とはいうものの(多少ゆるいところは見受けられますが)一つの方法論として
天国社さんのやり方は洗練されていると思います。
キャラクターのパンダを除いて。
(ああ、何で俺って一言多いんだろう か・・・(>_<))

(追記:2011年6月21日)
記事中で事例として天国社さんを挙げていますが、
この記事は天国社さんの品質を保証するものではありません。
葬儀社選びは自己責任にてお願いいたします。











3 件のコメント

  •  販売額から固定原価率で祭壇(生花)原価を決める旧来型と、固定費+スライドで販売額を決める近年型の対比ですね。私も社の今の料金体系を作るときに悩みました。
     祭壇料金の不明瞭さをなくすためには後者を選択するべきだと私も思い、現在はご存知のように後者です。
     しかし、両者の価格グラフの釣り合い点以下の規模については後者の方が高くなるわけですから、あまり低貯蓄層には優しくないのではないかというジレンマもあります。
     どちらにしろ、現在進行中の葬儀規模が縮小し続ける状態では、遅かれ早かれどの葬儀社も最低利益の確保できる後者型に変わっていくのでしょう。理由が透明性の確保でないところがこの業界の性(さが)なのかもしれません。

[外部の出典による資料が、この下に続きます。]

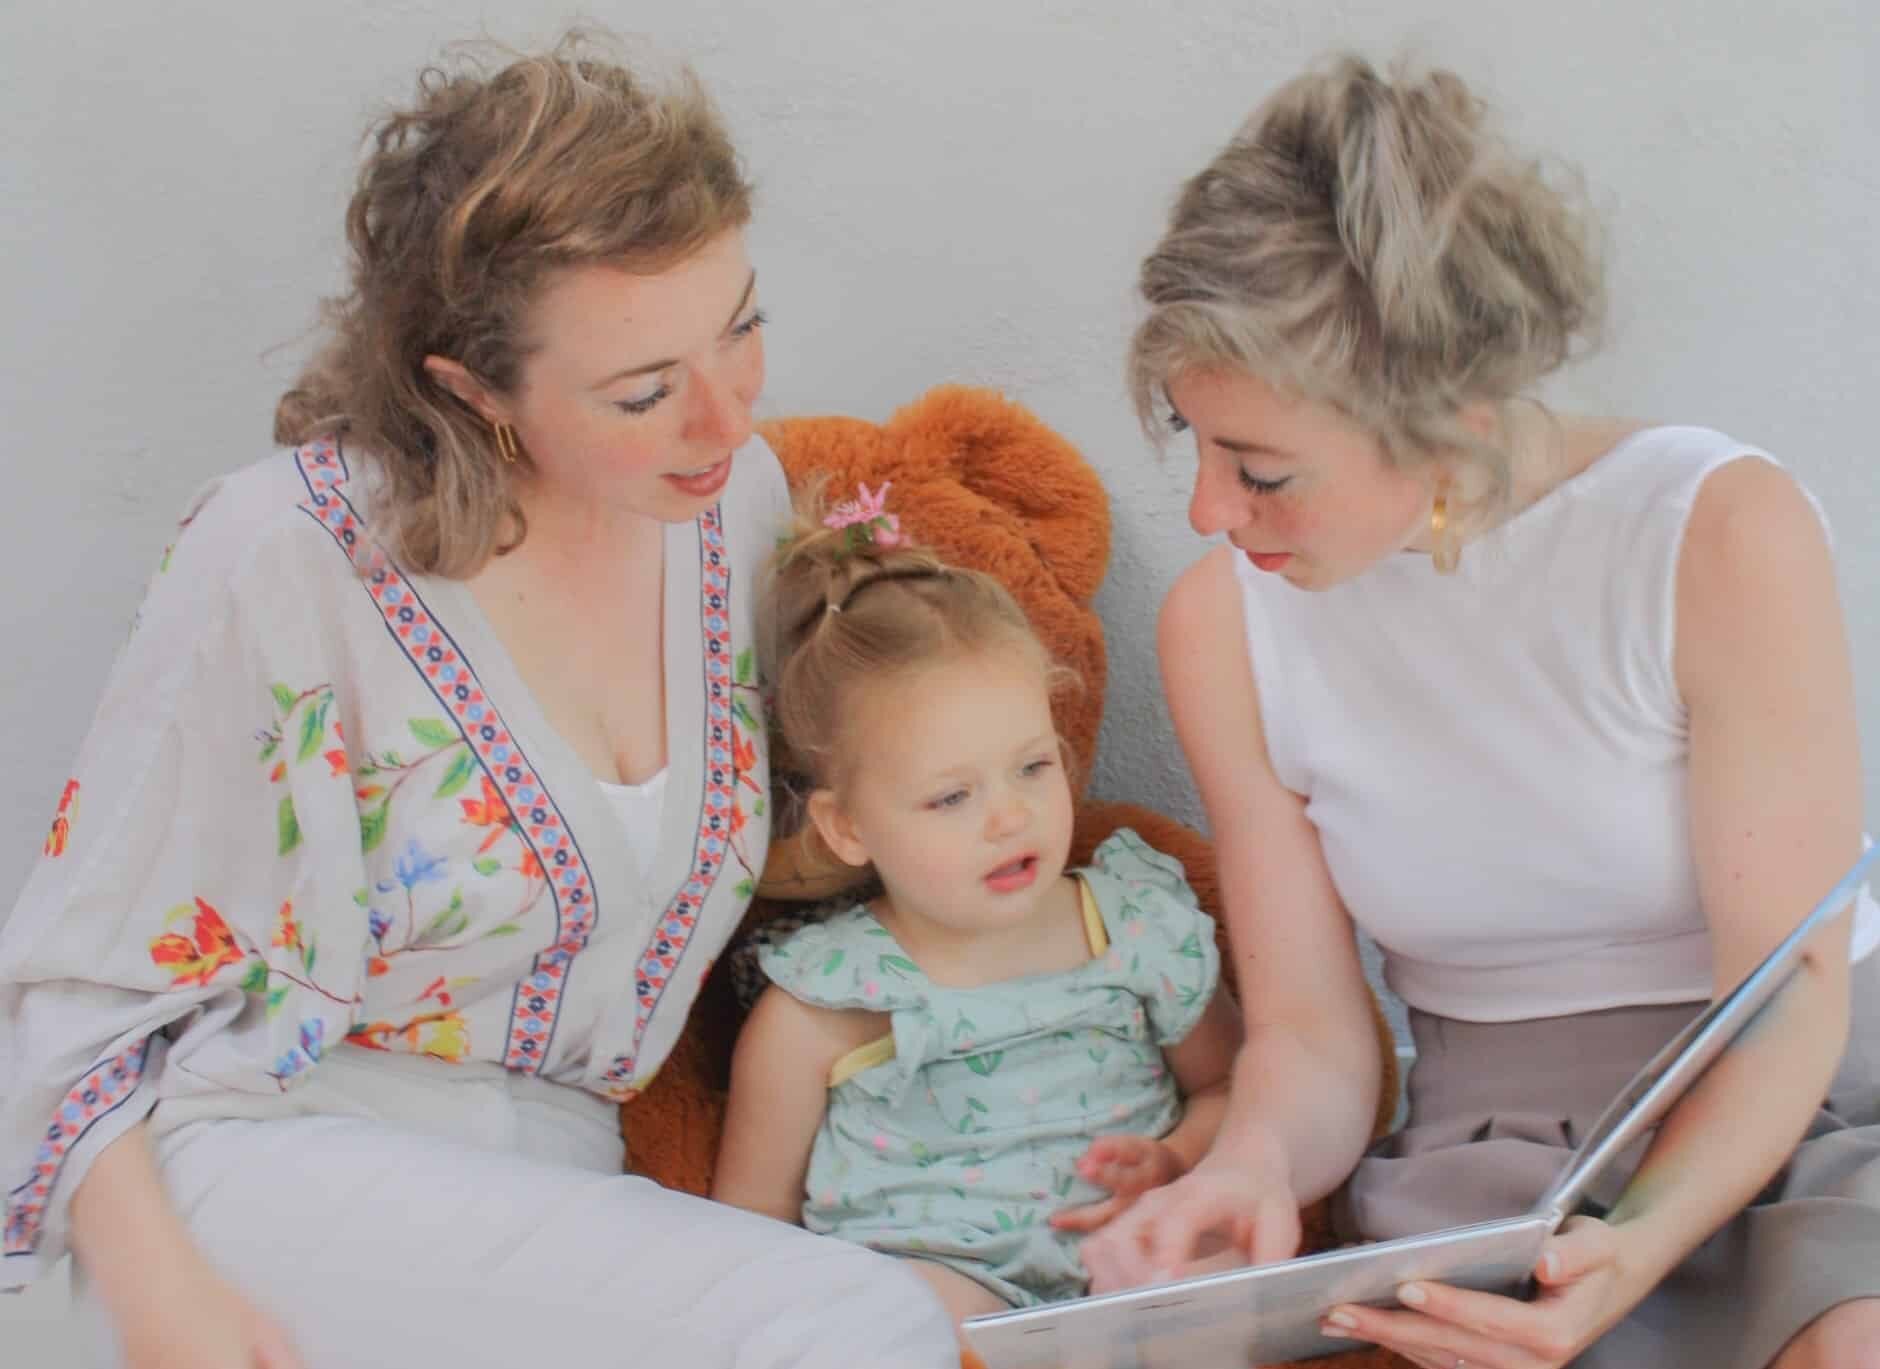 Nina.care founder Jasmijn en Lyla reading a story to a toddler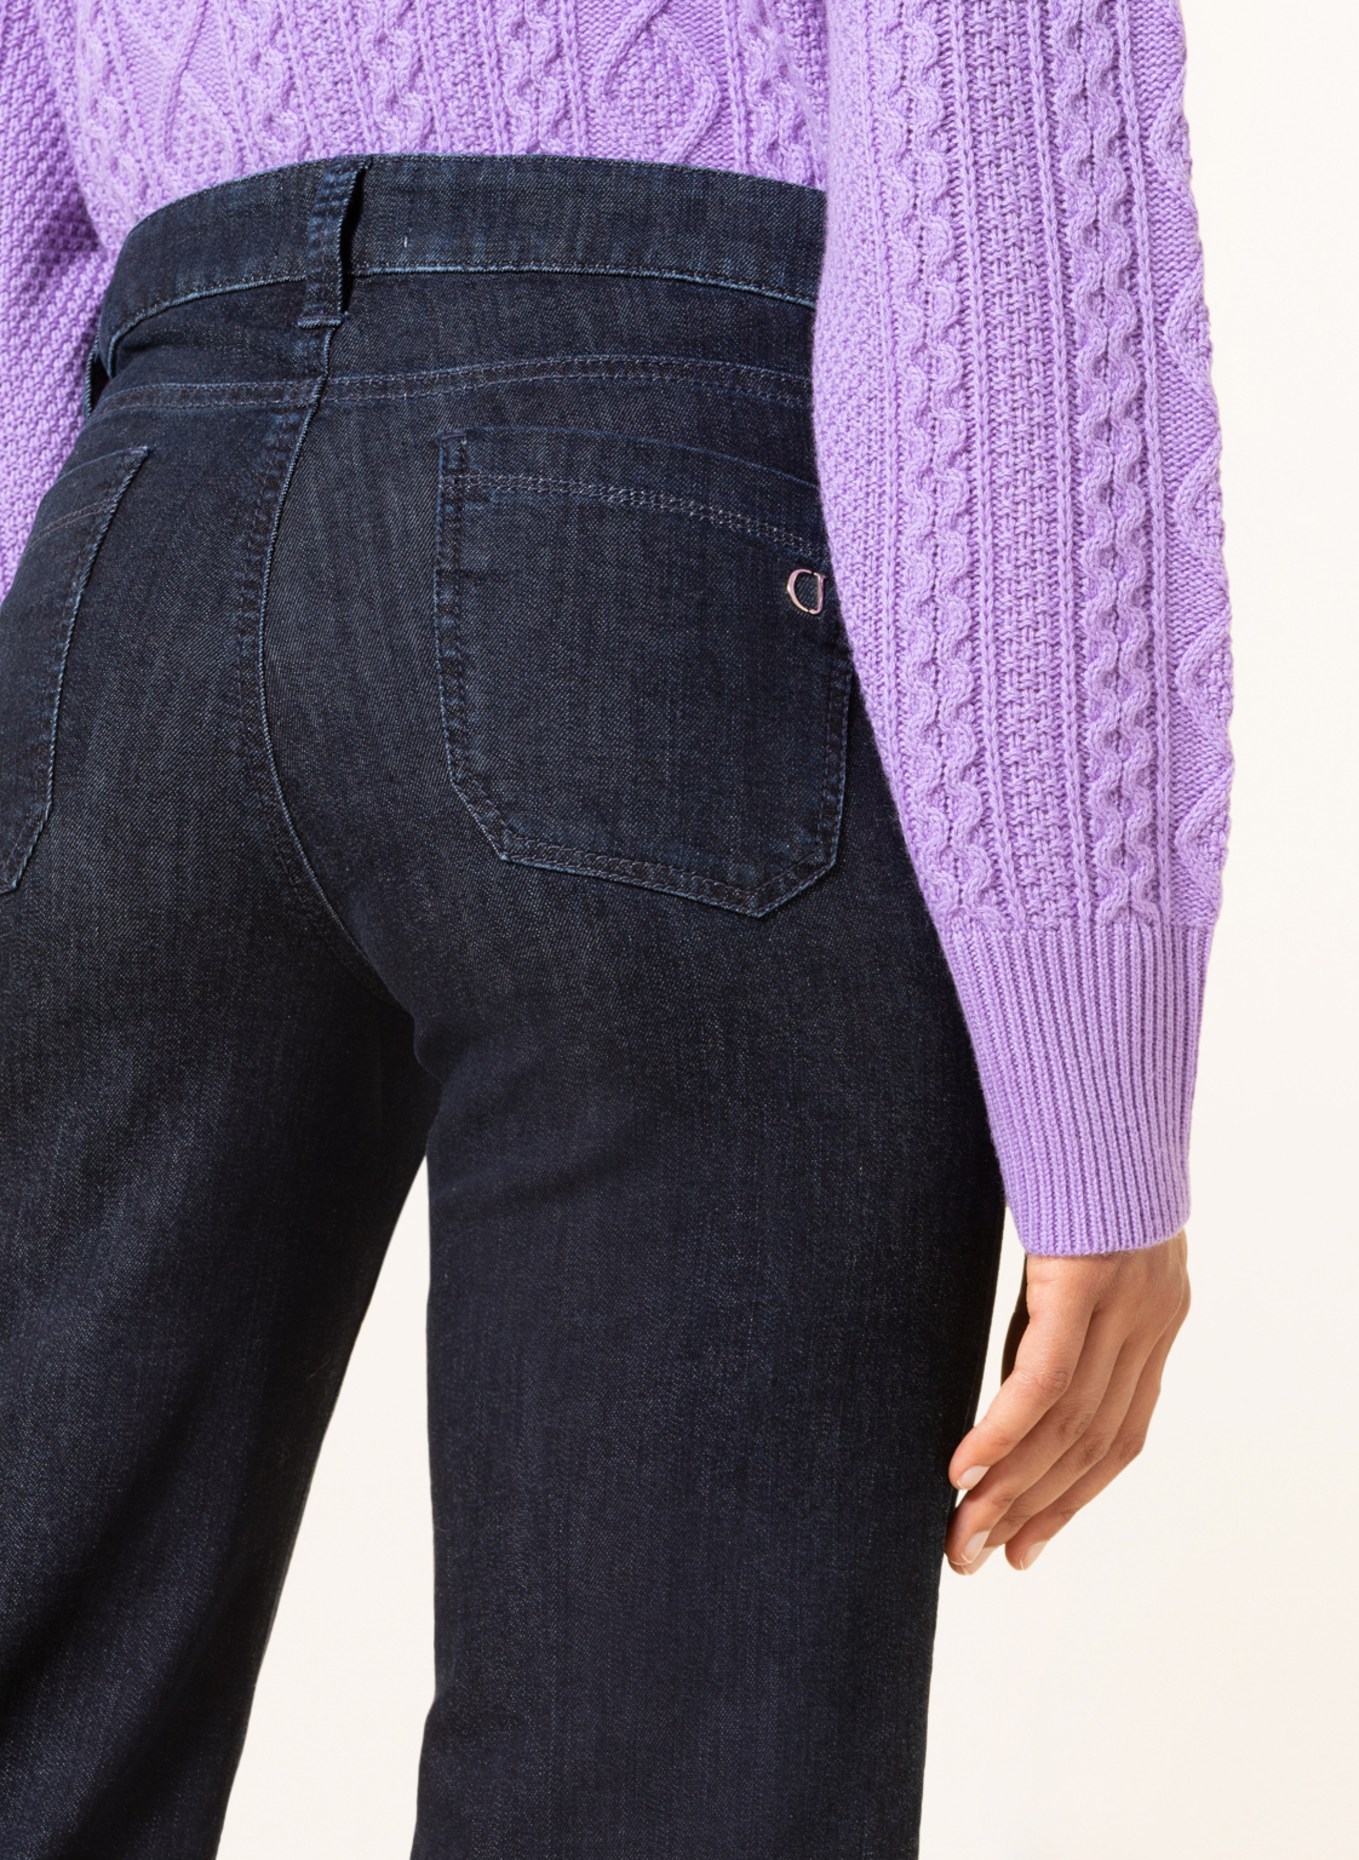 CAMBIO Jeans TESS, Farbe: 5006 modern rinsed (Bild 5)

     ところで、あまり他社批判はしたくないのですがご紹介の企業はむしろ旧来型でしょう。パッケージ価格から周辺費用を除いて「祭壇価格」だけを分離すると、単純に祭壇規模の割合並みの価格差があるように思えます。もっと古いタイプの「ぶっこみいくら」というスタイルに近いだけではないでしょうか。
     ついでに、ここだけではありませんが、通常価格と会員価格の差を強調しておきながら通常価格の定価内訳を表示しない日本の葬儀業界体質は改まるべきでしょう。販売したい金額に値引きと称してインパクトのある価格を上乗せしているだけに過ぎません。

     今回は口うるさくてすみません。また私のHPにある間違いもご指摘ください。

  • 高見 晴彦 様、たびたびコメントありがとうございます。

    後半御指摘いただいている点はよく分かります。
    最初前半だけの理論のみの記事だったのですが、ちょっと事例も載せた方がいいかなと思い、探し出したのがこの葬儀社でした。

    たしかにご指摘いただいた点と
    電話で尋ねたときの先方の説明のたどたどしさから
    「多少ゆるいところは見受けられますが」
    の表現になったのですが(^^;)
    単純化してはいるものの、事例示すため、一応「価格帯の選択肢が絞り込まれている」ことと「画像を掲載し、祭壇のグレード差が分かりやすい」点を採りました。